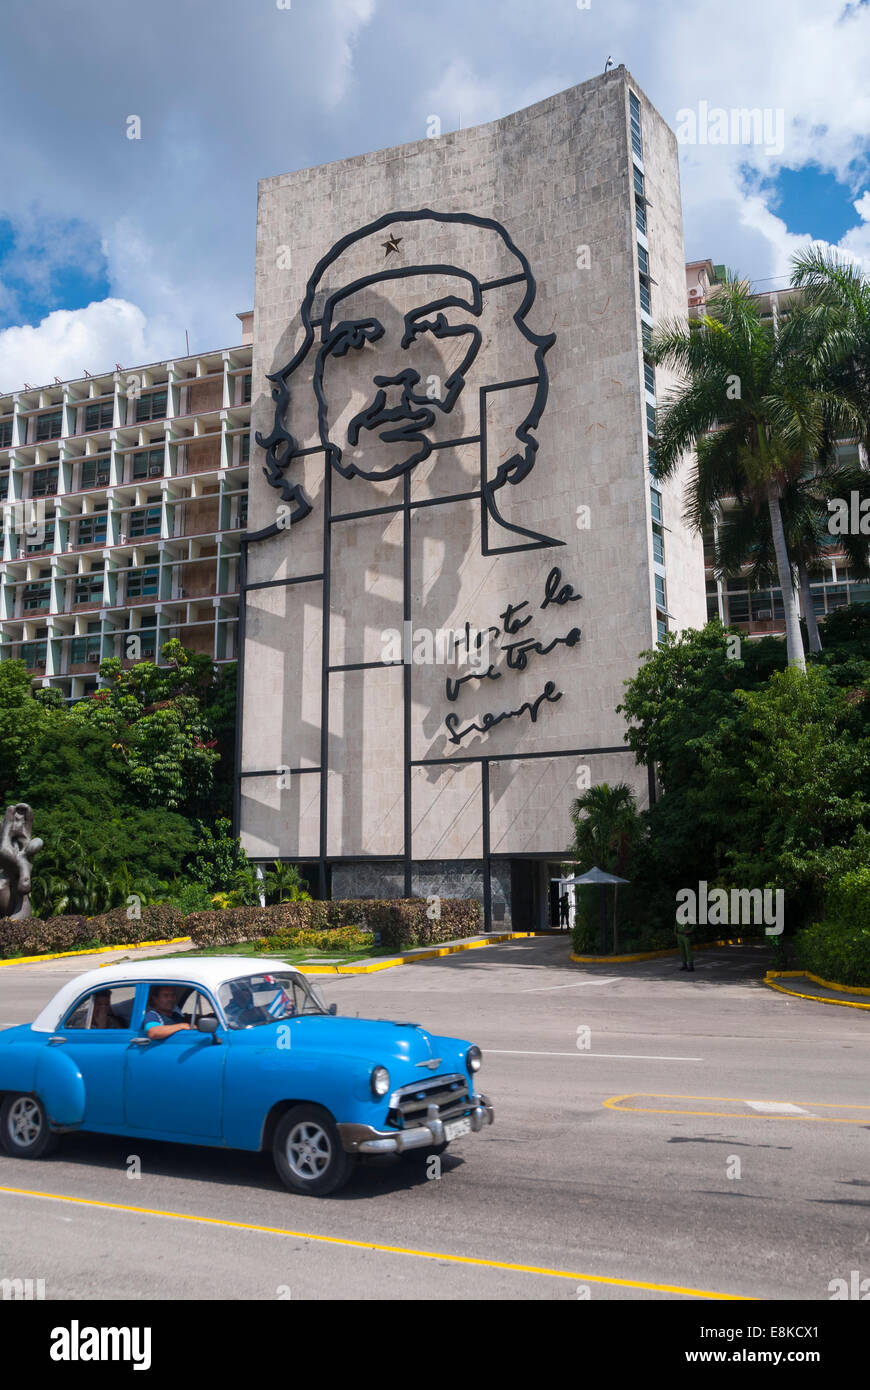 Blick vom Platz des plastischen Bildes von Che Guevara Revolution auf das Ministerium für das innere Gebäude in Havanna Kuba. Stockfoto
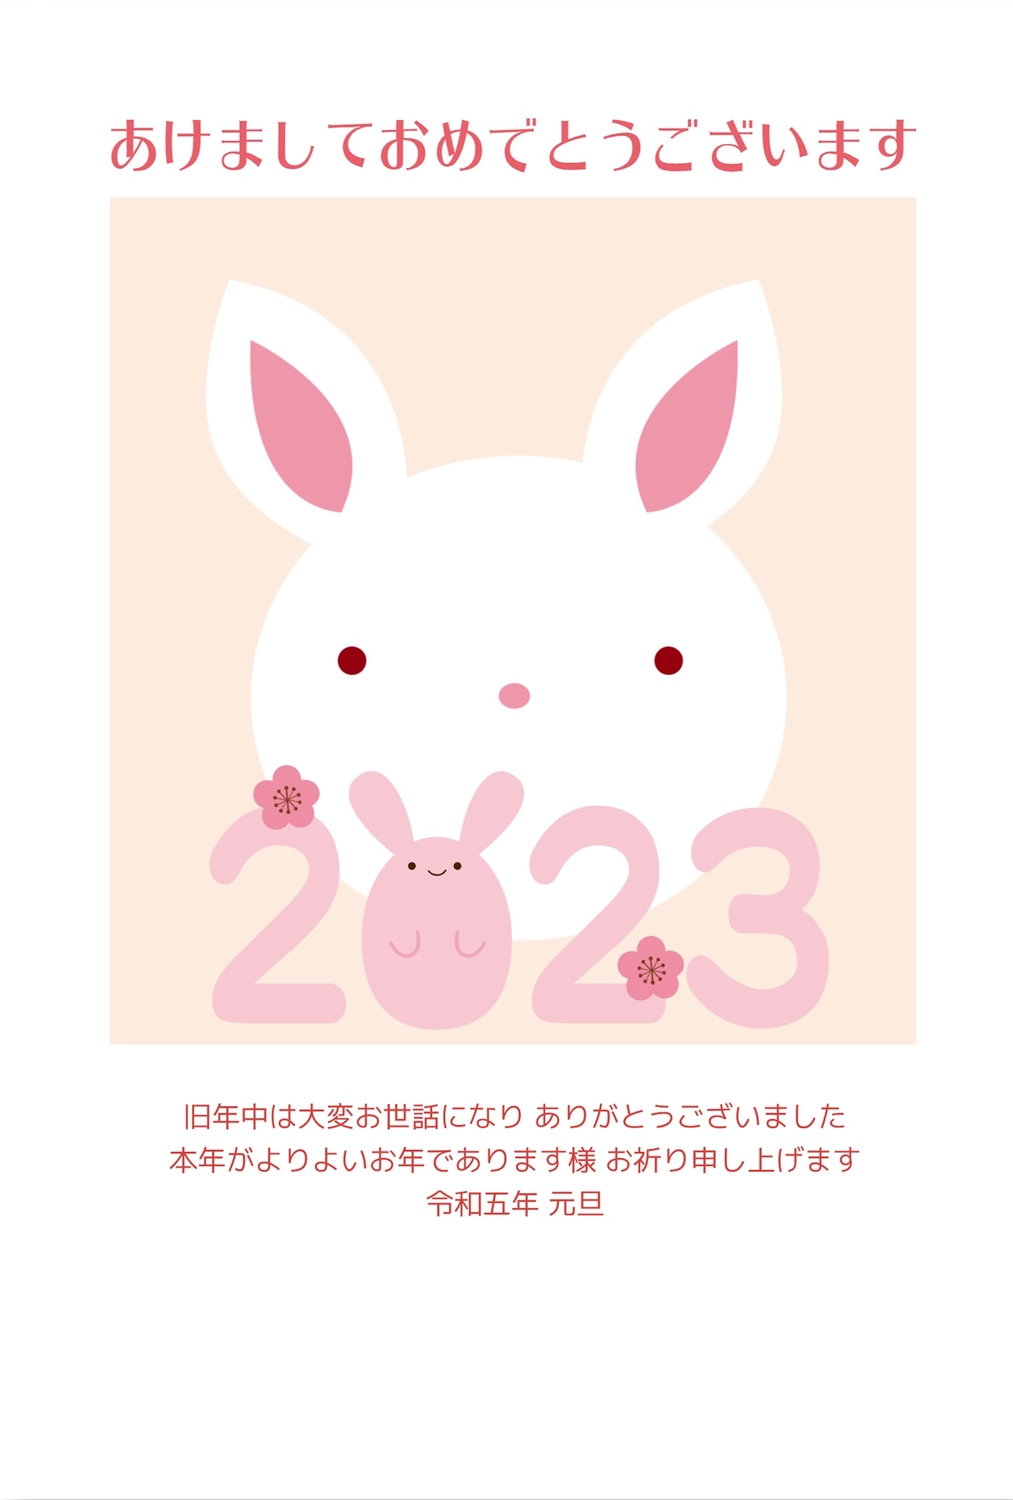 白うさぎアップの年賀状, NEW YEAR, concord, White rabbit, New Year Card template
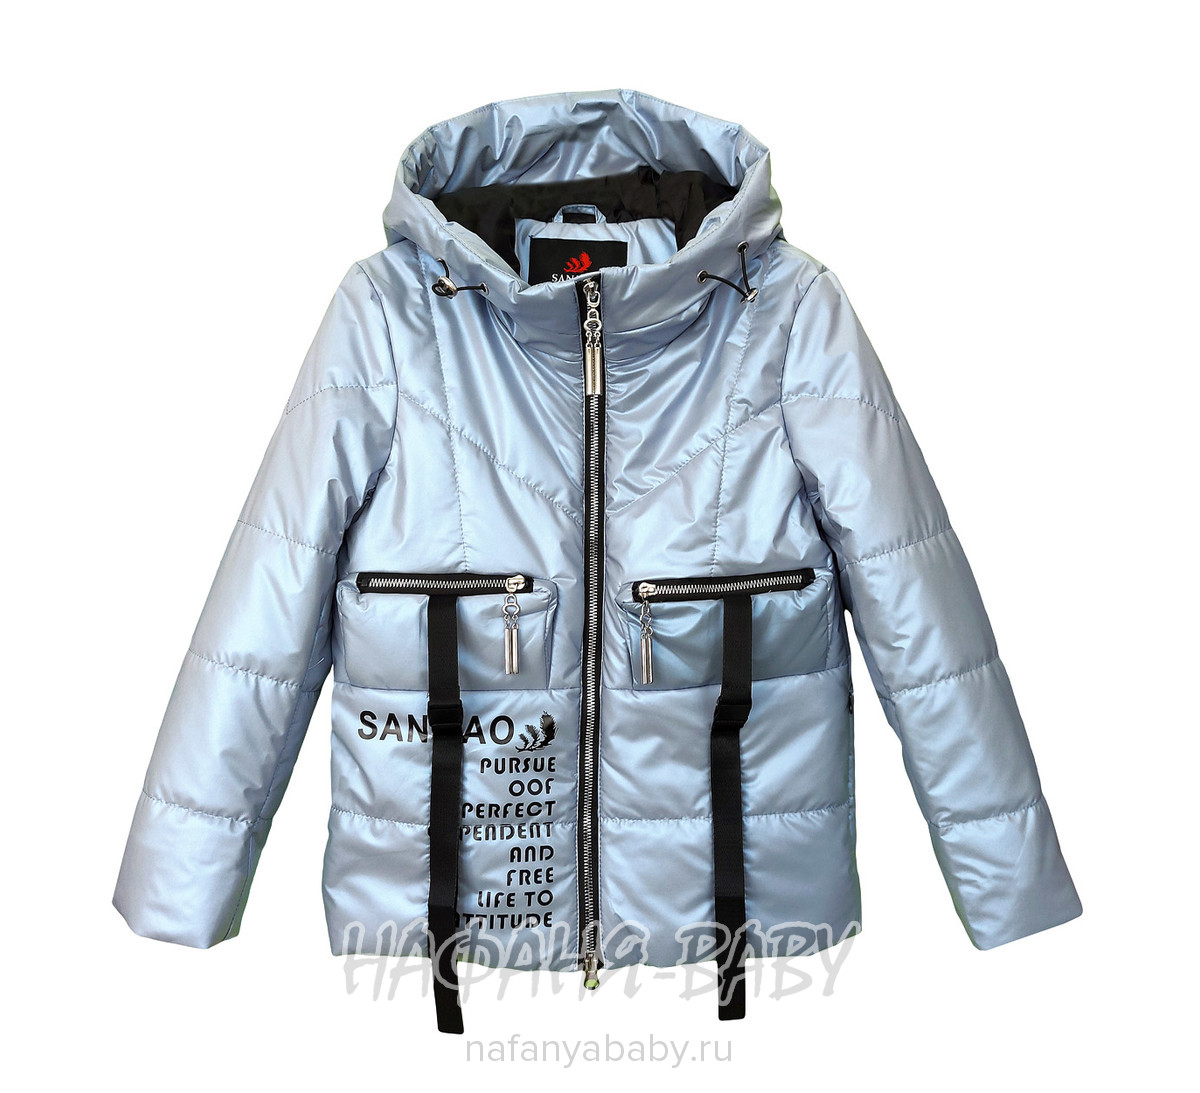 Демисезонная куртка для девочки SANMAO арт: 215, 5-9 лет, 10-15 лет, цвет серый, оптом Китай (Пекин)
........
## Exercise goal
Leave the pictures out and copy the rest of the data exactly.

## Response
 Blick vom Platz des plastischen Bildes von Che Guevara Revolution auf das Ministerium für das innere Gebäude in Havanna Kuba. Stockfoto
 白うさぎアップの年賀状, NEW YEAR, concord, White rabbit, New Year Card template
 Демисезонная куртка для девочки SANMAO арт: 215, 5-9 лет, 10-15 лет, цвет серый, оптом Китай (Пекин)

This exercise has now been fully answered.